MATERIAL PROVIDED:
-*-

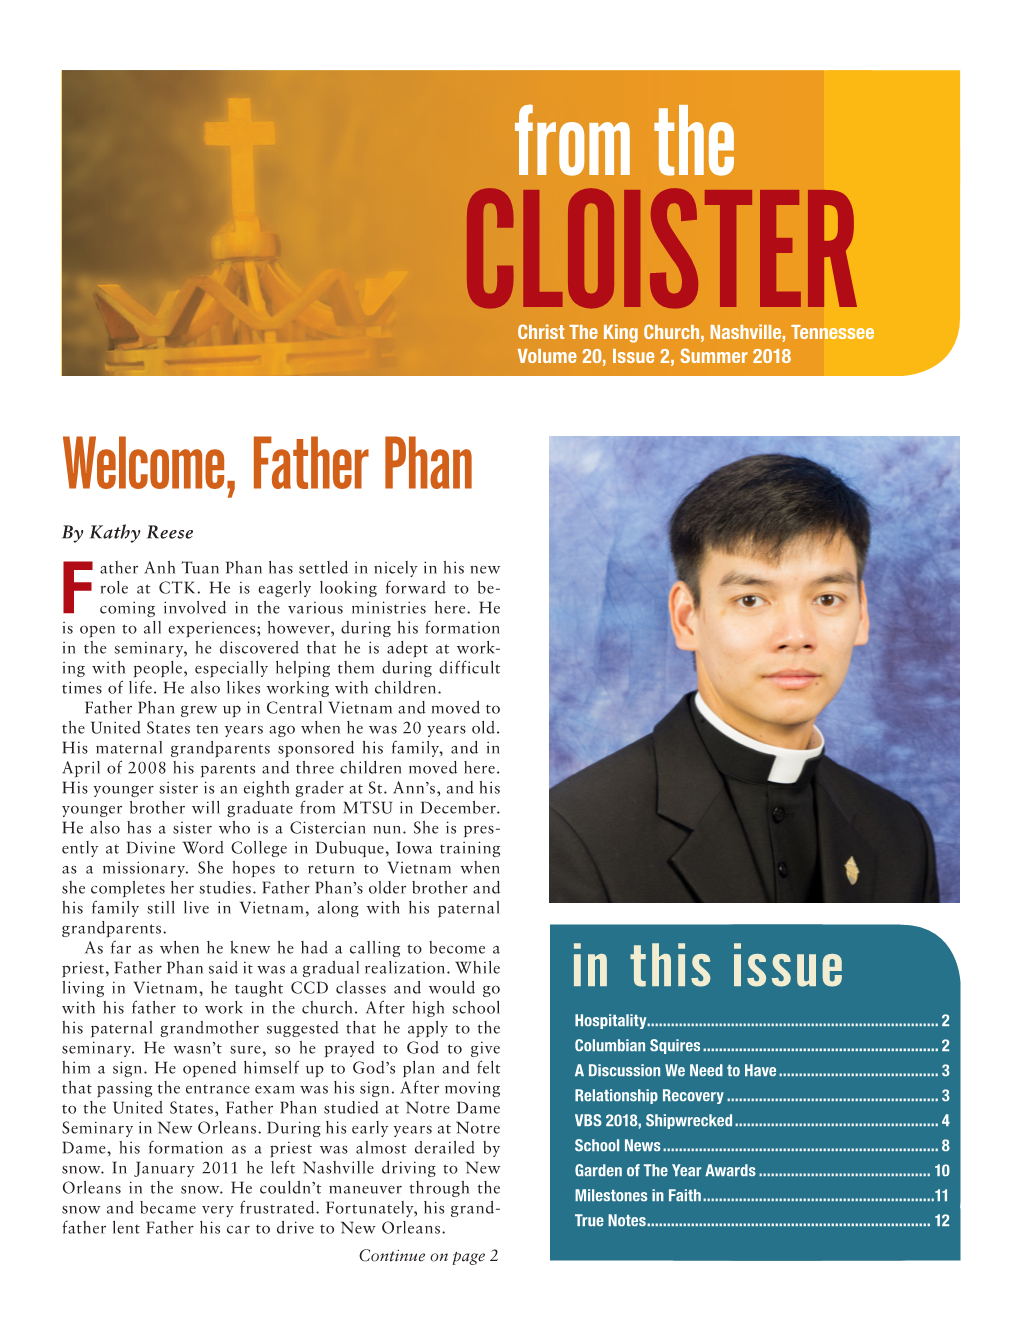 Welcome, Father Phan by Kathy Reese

-*-

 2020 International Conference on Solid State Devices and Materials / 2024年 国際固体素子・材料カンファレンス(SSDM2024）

-*-

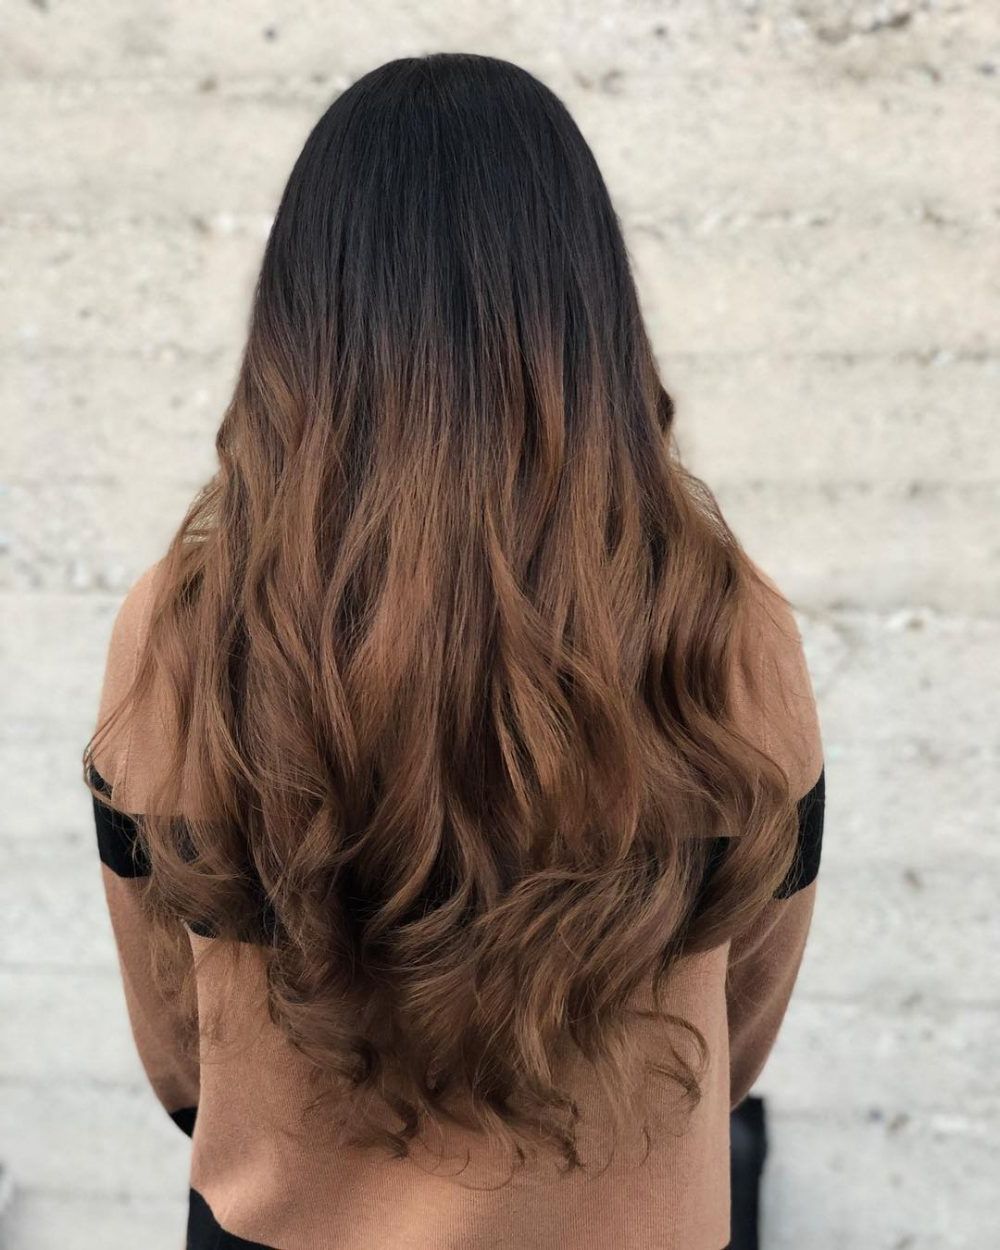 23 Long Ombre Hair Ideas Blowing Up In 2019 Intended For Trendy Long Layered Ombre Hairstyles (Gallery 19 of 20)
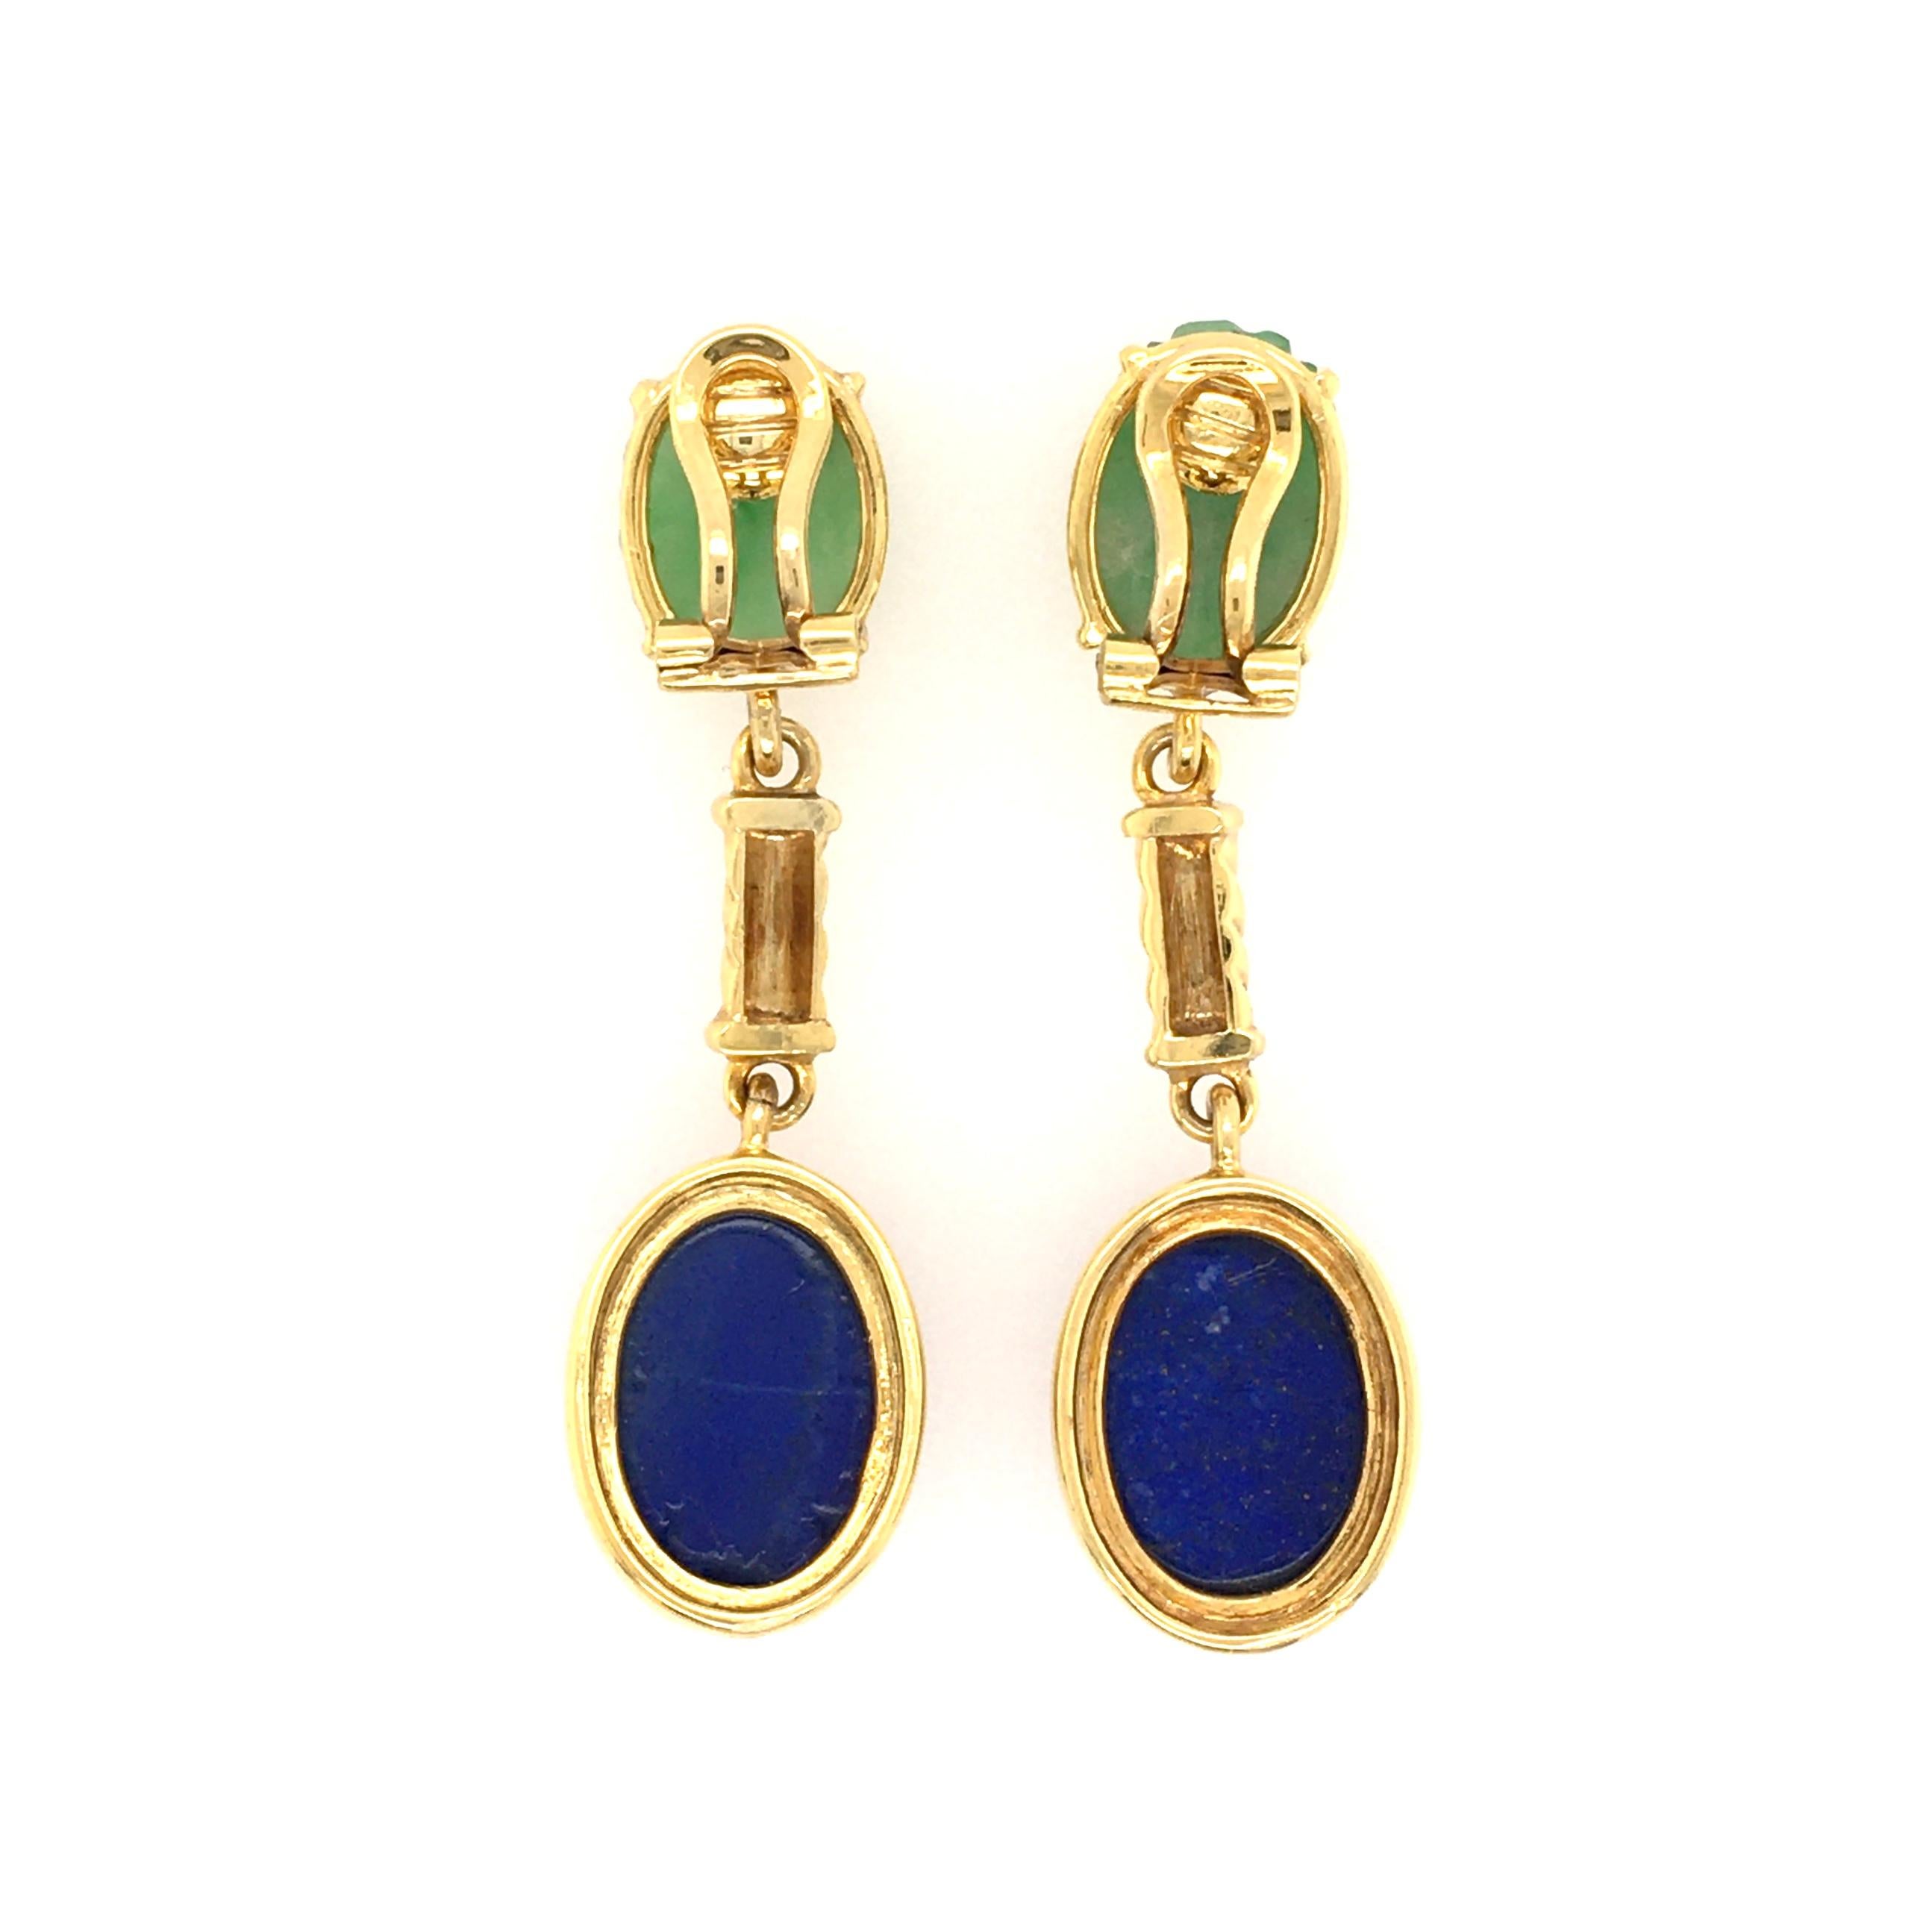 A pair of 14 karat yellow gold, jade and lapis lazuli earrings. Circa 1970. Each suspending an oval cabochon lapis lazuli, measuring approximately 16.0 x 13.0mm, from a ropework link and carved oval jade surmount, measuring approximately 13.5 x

-*-

For this exercise, please set down exactly the lines of the listing above from the line with "23 Long Ombre" up to and including the line with "A pair of 14", and no pictures.

 23 Long Ombre Hair Ideas Blowing Up In 2019 Intended For Trendy Long Layered Ombre Hairstyles (Gallery 19 of 20)
 A pair of 14 karat yellow gold, jade and lapis lazuli earrings. Circa 1970. Each suspending an oval cabochon lapis lazuli, measuring approximately 16.0 x 13.0mm, from a ropework link and carved oval jade surmount, measuring approximately 13.5 x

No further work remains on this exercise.